## Goal of the exercise
Begin at the line holding "Concept of inspiration" and set down exactly each line through the last one below, omitting pictures. Include nothing else.

## Collection entries
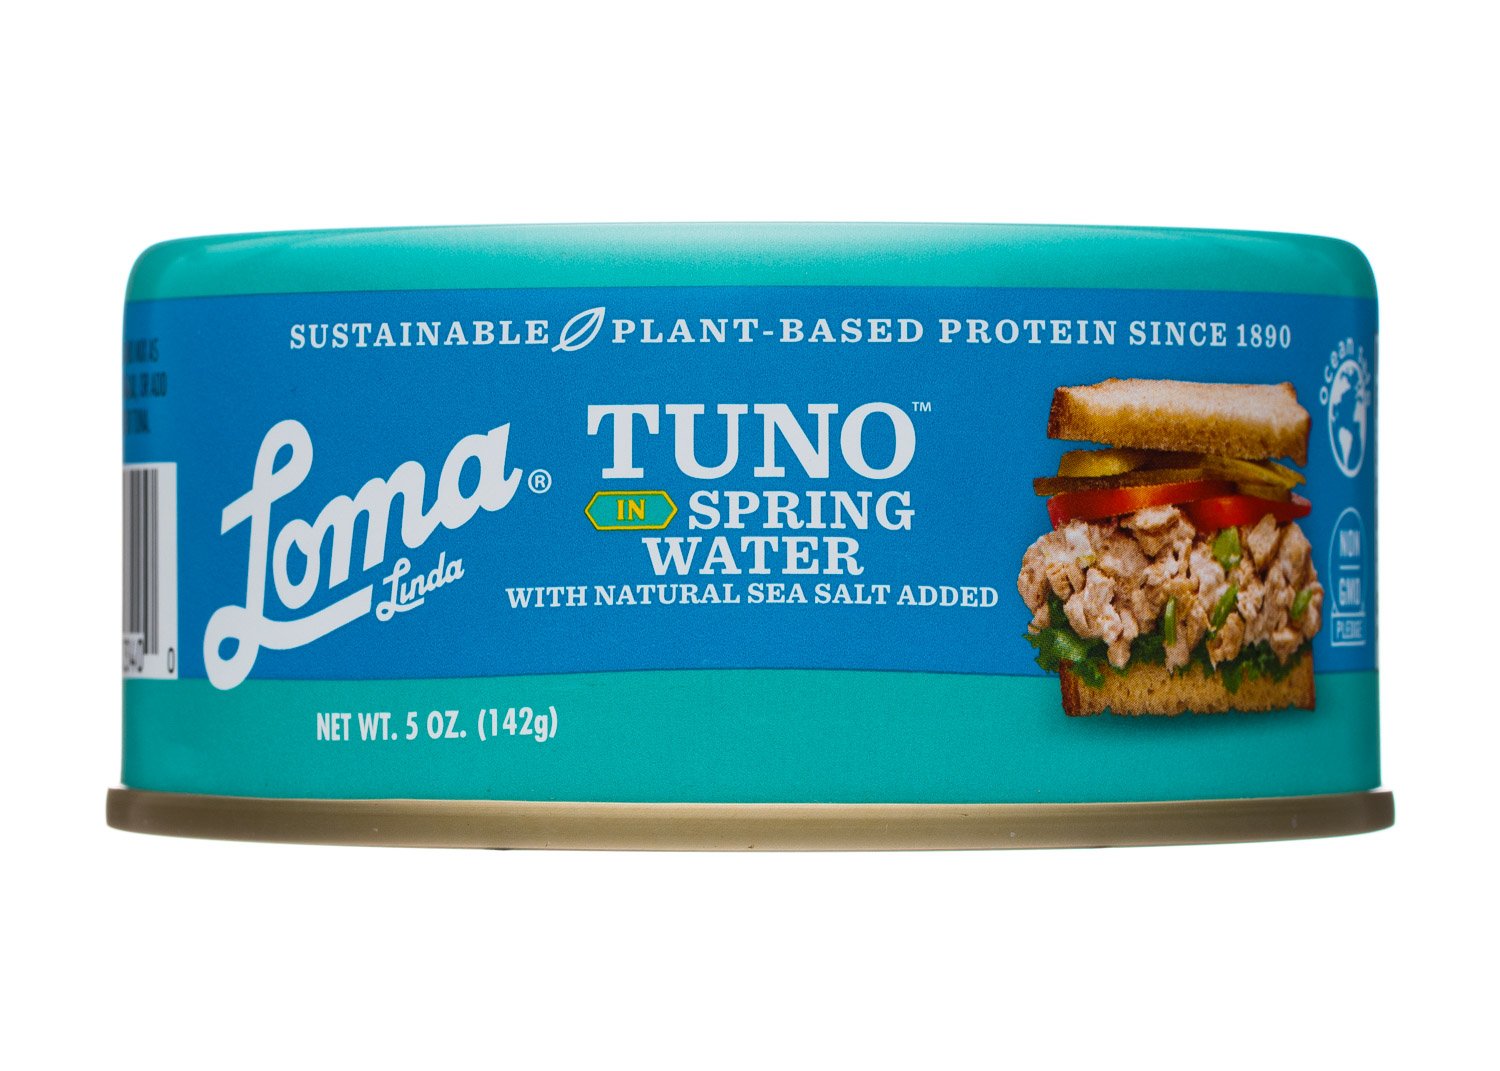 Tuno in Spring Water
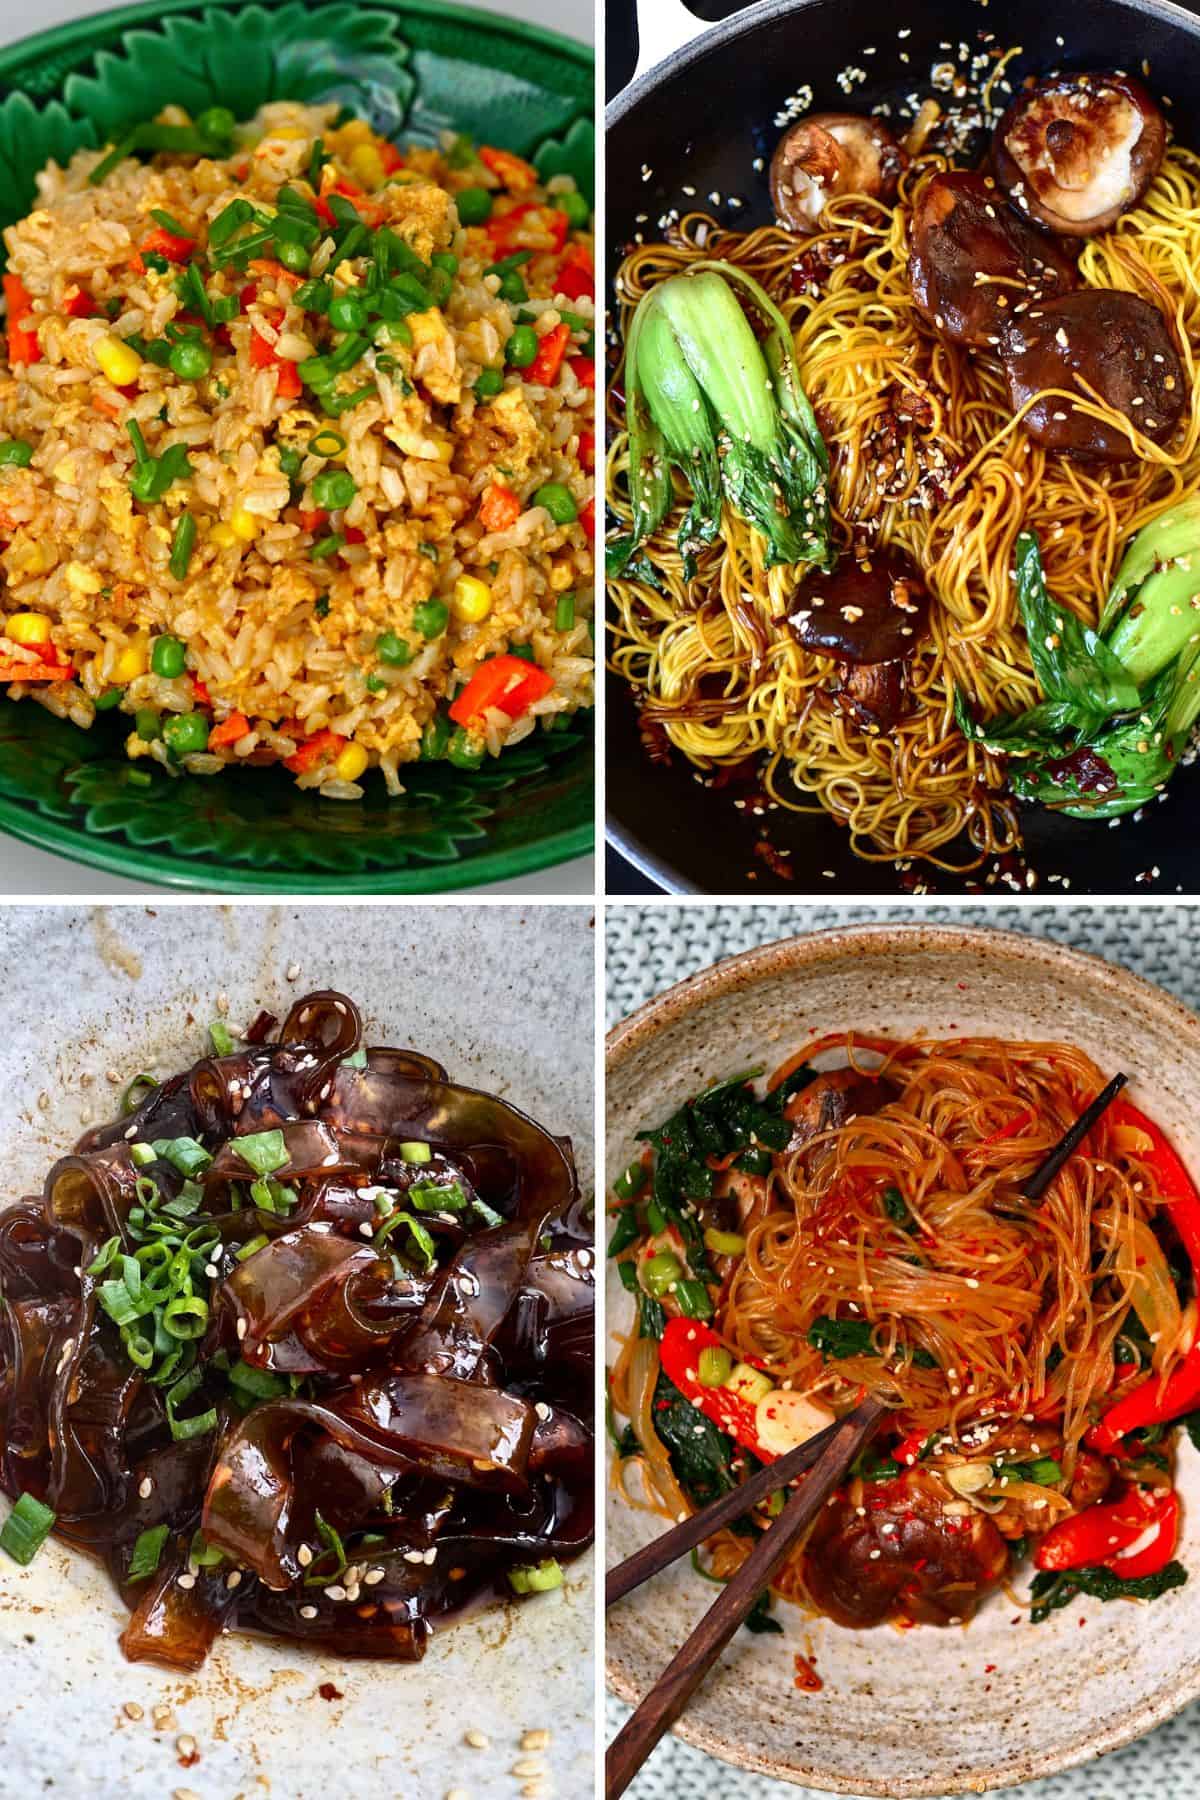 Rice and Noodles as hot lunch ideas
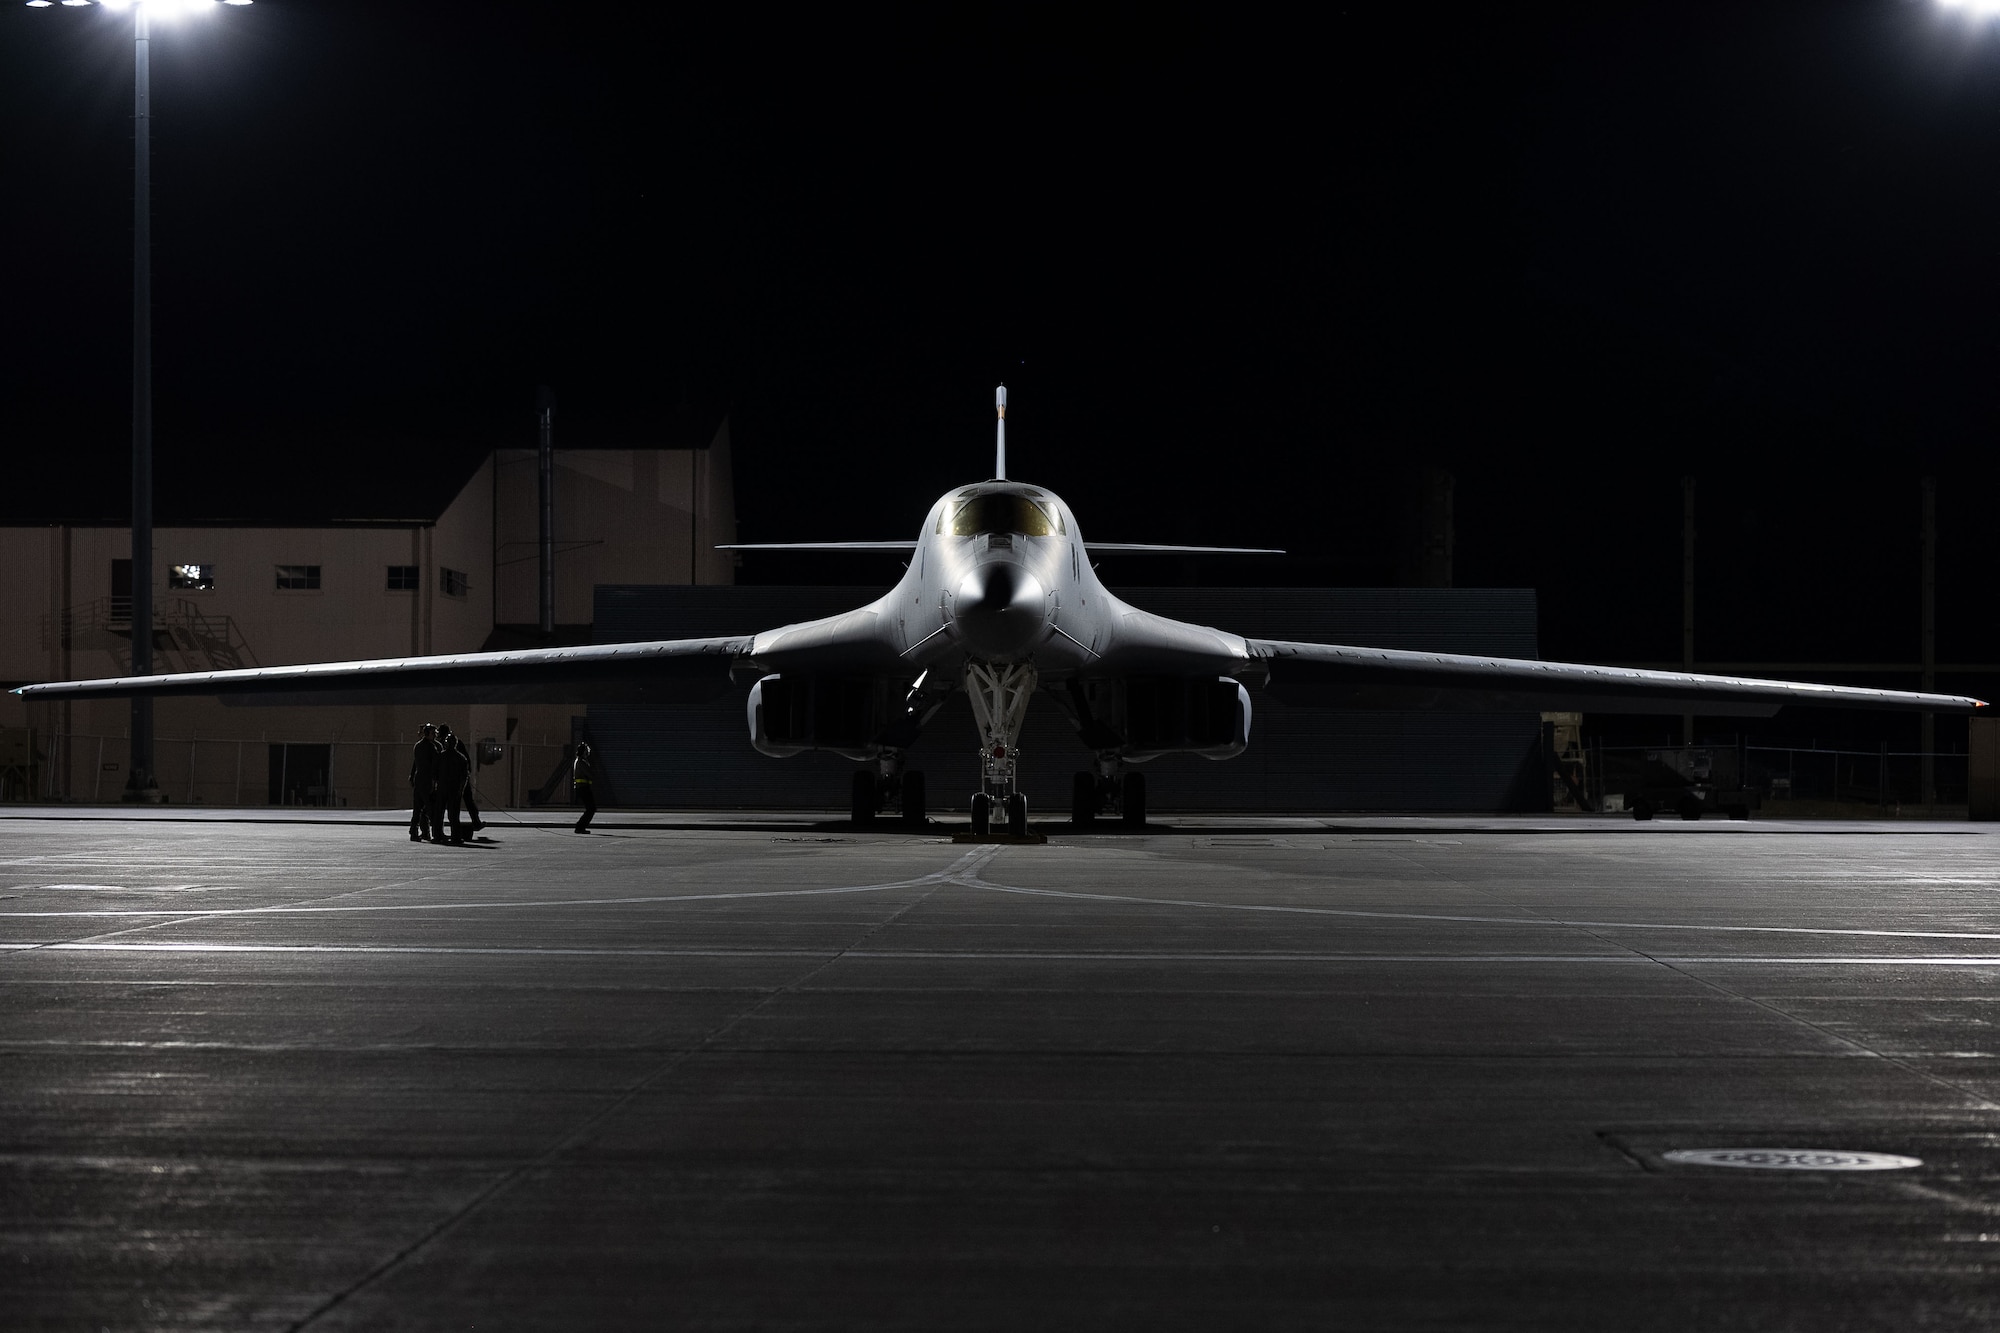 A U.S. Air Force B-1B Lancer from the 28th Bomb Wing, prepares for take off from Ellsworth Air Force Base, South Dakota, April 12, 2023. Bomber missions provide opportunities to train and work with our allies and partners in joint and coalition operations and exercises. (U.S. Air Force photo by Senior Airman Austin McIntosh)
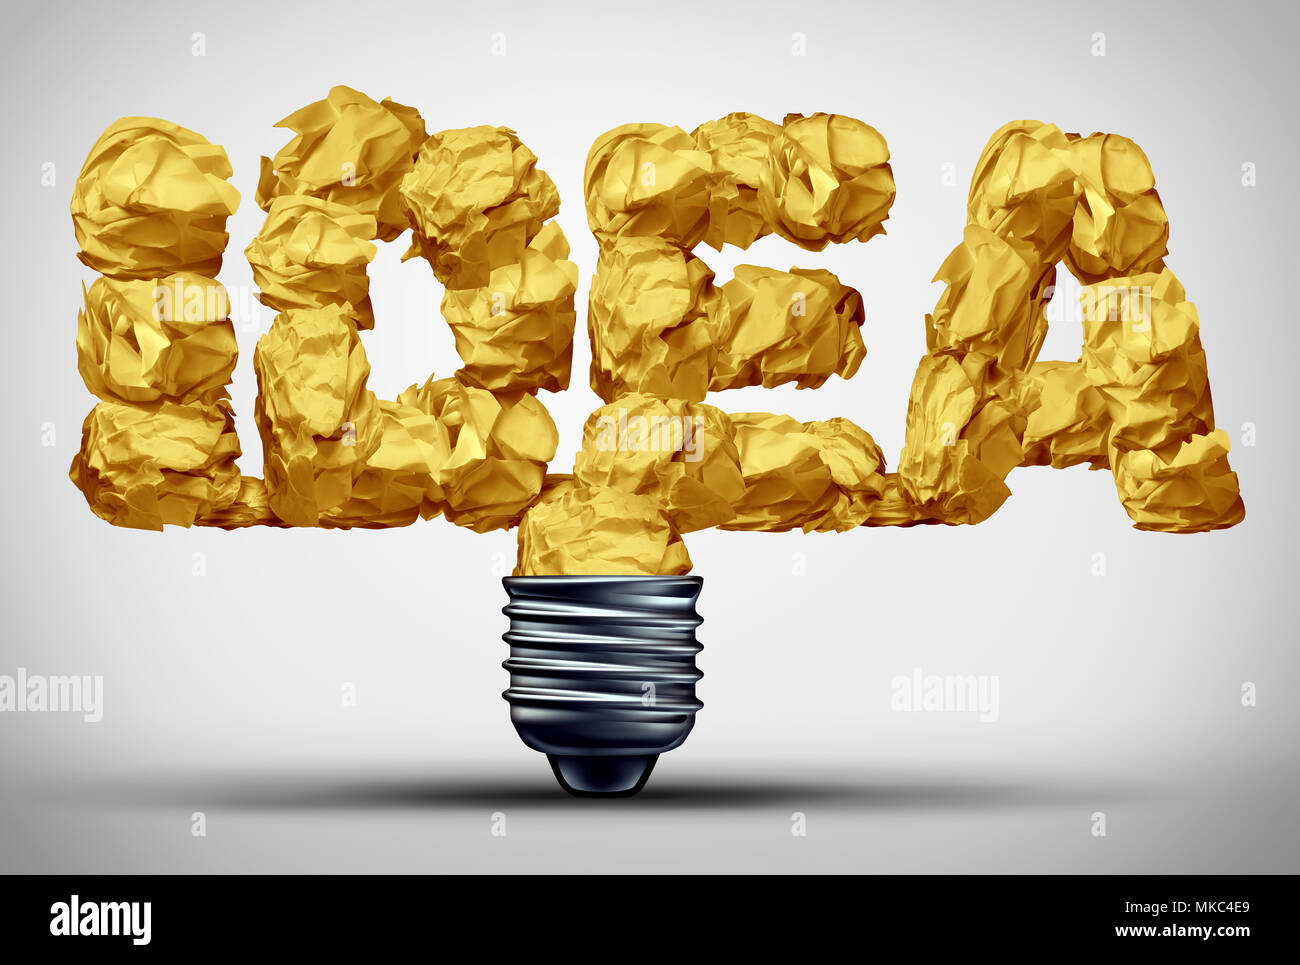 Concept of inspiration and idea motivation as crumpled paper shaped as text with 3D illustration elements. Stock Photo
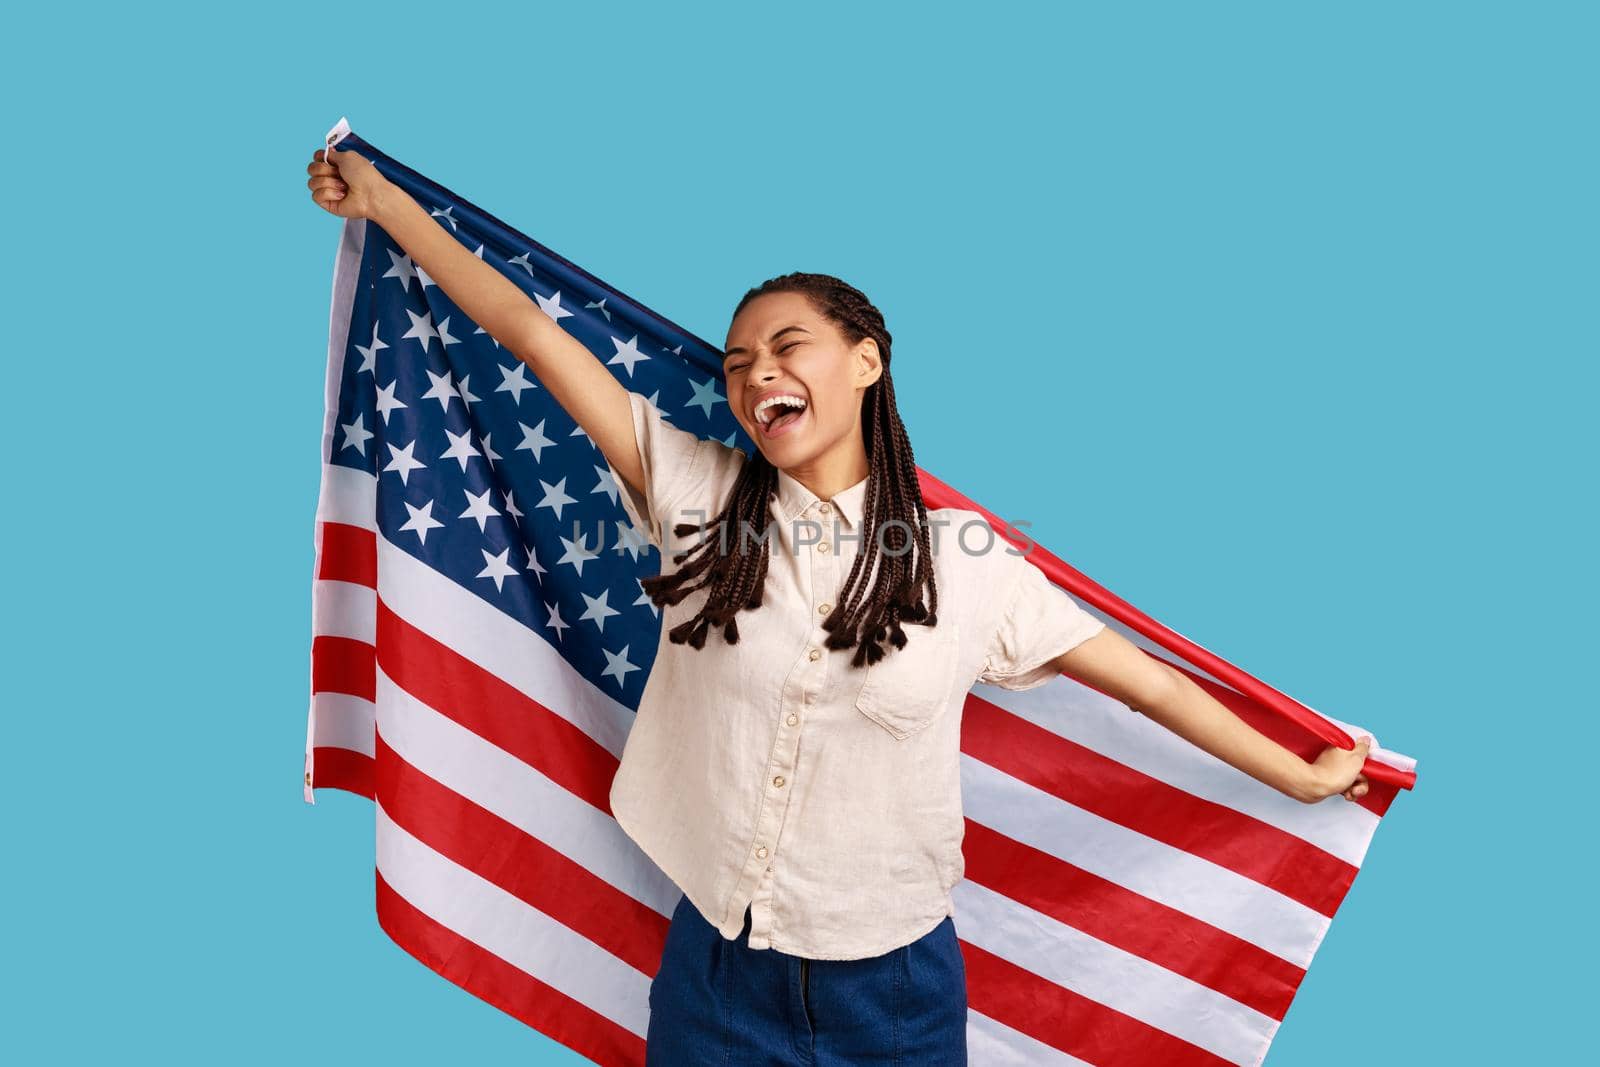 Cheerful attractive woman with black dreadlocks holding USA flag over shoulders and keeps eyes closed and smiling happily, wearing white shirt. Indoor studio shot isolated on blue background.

## Answer to this exercise
 Concept of inspiration and idea motivation as crumpled paper shaped as text with 3D illustration elements. Stock Photo
 Cheerful attractive woman with black dreadlocks holding USA flag over shoulders and keeps eyes closed and smiling happily, wearing white shirt. Indoor studio shot isolated on blue background.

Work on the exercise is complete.